极限与导数（献给CHATGPT） - Koichi's free world for solitary meditation

使用自定义字体使用自定义字体

一直以来，对于极限的概念都十分模糊，所以在解决此涉及极限的问题时，无从下手。

由于此前CHATGPT的数学能力一直不尽如人意，今天怀着试一试的心态，在对话框中输入了本题，令人惊讶的是，它居然给出了令人十分满意的答案。特此记录，献给CHATGPT！

题目如下：

If a is a positive number, show that

\lim _{x\rightarrow 0}\dfrac{a^{x}-1}{x}=\ln a

Hint: The limit is a value of a certain derivative.

CHATGPT给出的解题步骤（详细且逻辑性极强）：

To show that

\lim _{x\rightarrow 0}\dfrac{a^{x}-1}{x}=\ln a

we can use the definition of the derivative of a function at a point. Recall that the derivative of a function f(x) at a point x=c is given by

f'(c)=\lim _{x\rightarrow c}\dfrac{f(x)-f(c)}{x-c}

Now, let f(x)=a^x , where a is a positive number. Then, the derivative of f(x) at x=0 is

f'(0)=\lim _{x\rightarrow 0}\dfrac{f(x)-f(0)}{x-0}=\lim _{x\rightarrow 0}\dfrac{a^x-a^0}{x}=\lim _{x\rightarrow 0}\dfrac{a^x-1}{x}

Therefore, we have

\lim _{x\rightarrow 0}\dfrac{a^{x}-1}{x}=f'(0)
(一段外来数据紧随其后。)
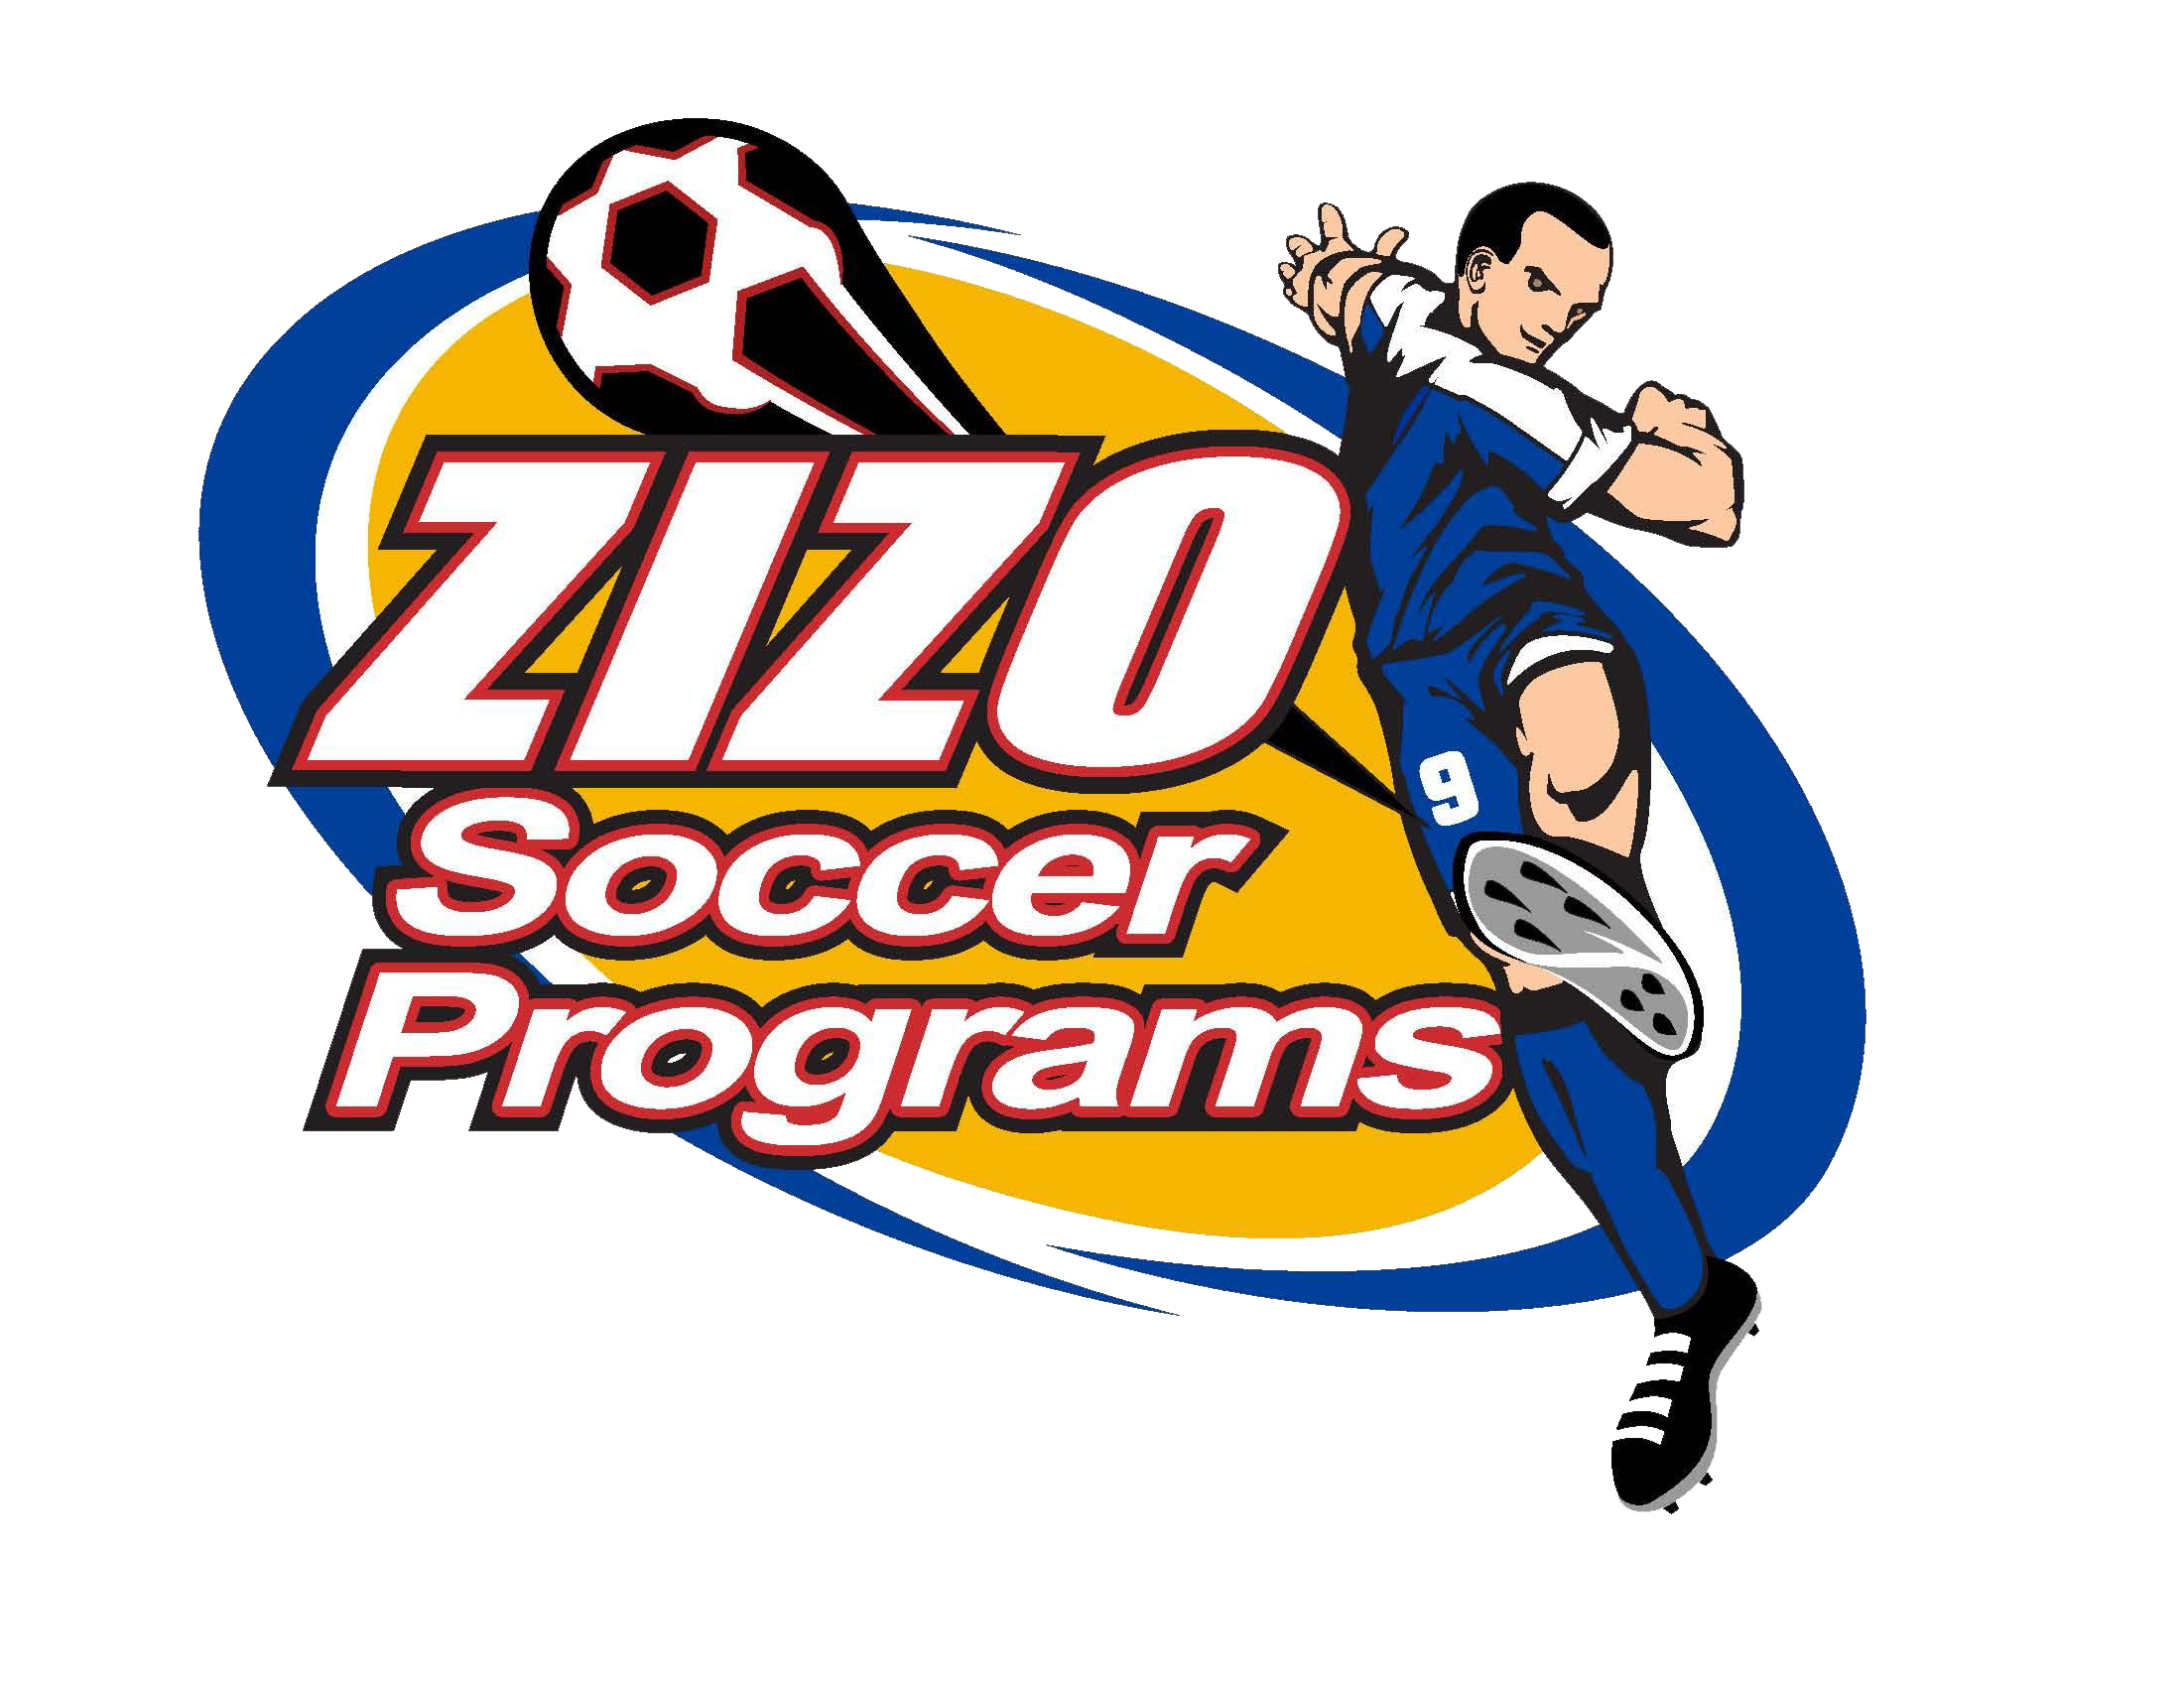 ZIZO Soccer
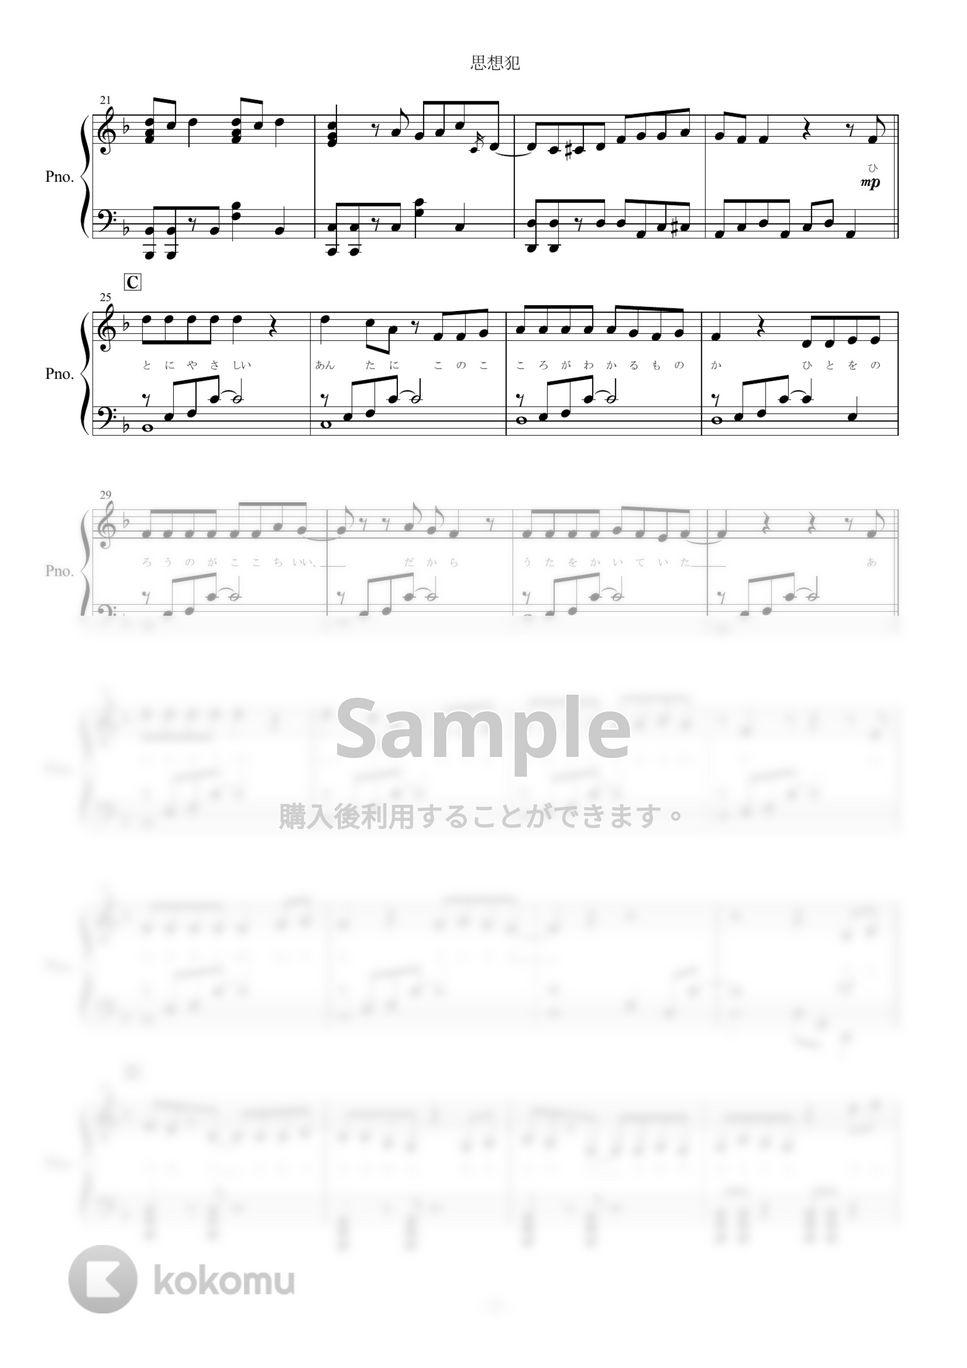 ヨルシカ - 思想犯 (ピアノ楽譜/全９ページ) by yoshi
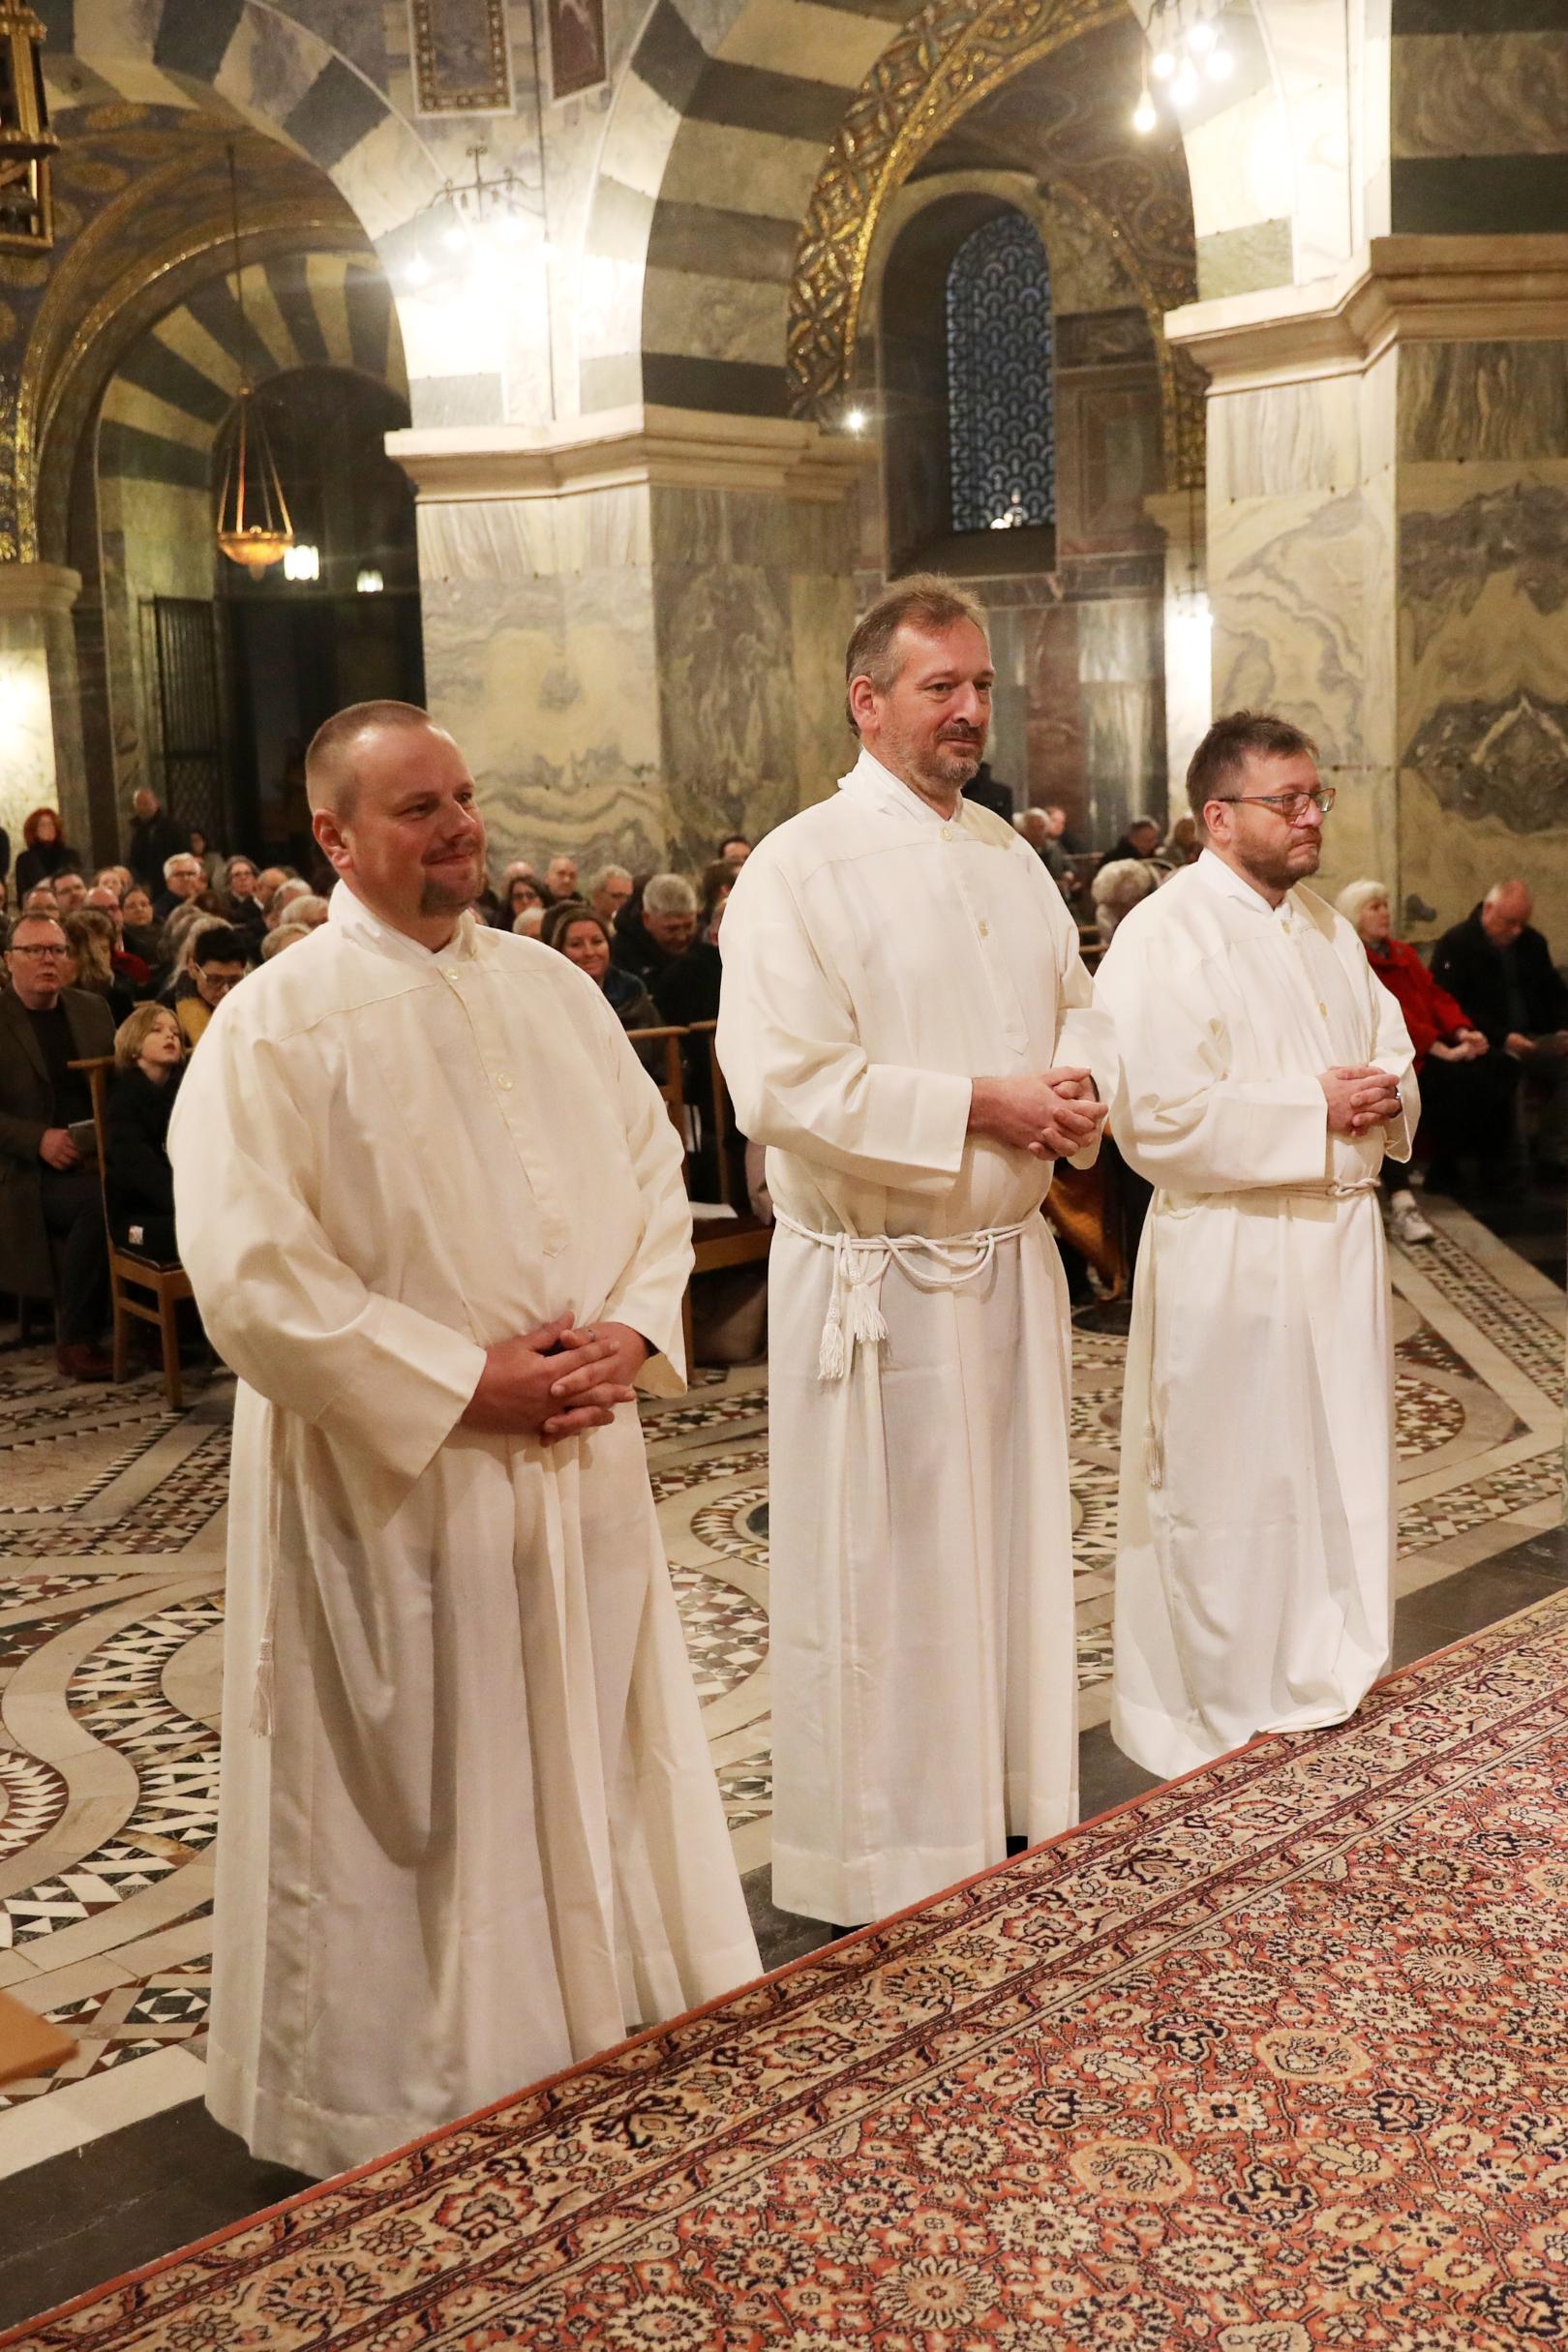 Christian Harttig (v.l.), Markus Offner, und Daniel Ohlig zu Ständigen Diakonen geweiht. (c) Bistum Aachen / Andreas Steindl

But what is f'(0) ? We can use the property of logarithms that says

a^x=e^{x\ln a}

Then, we have

f(x)=a^x=e^{x\ln a}

Using the chain rule, we can find the derivative of f(x) as follows:

f'(x)=\dfrac{d}{dx}(e^{x\ln a})=\dfrac{d}{dx}(x\ln a)\cdot \dfrac{d}{dx}(e^u)=\ln a\cdot e^{x\ln a}=\ln a\cdot a^x

Plugging in x=0 , we get

f'(0)=\ln a\cdot a^0=\ln a\cdot 1=\ln a

Therefore, we have

\lim _{x\rightarrow 0}\dfrac{a^{x}-1}{x}=f'(0)=\ln a

Hence, we have shown that

\lim _{x\rightarrow 0}\dfrac{a^{x}-1}{x}=\ln a

I hope this helps you understand the solution. 😊

可称之为完美解答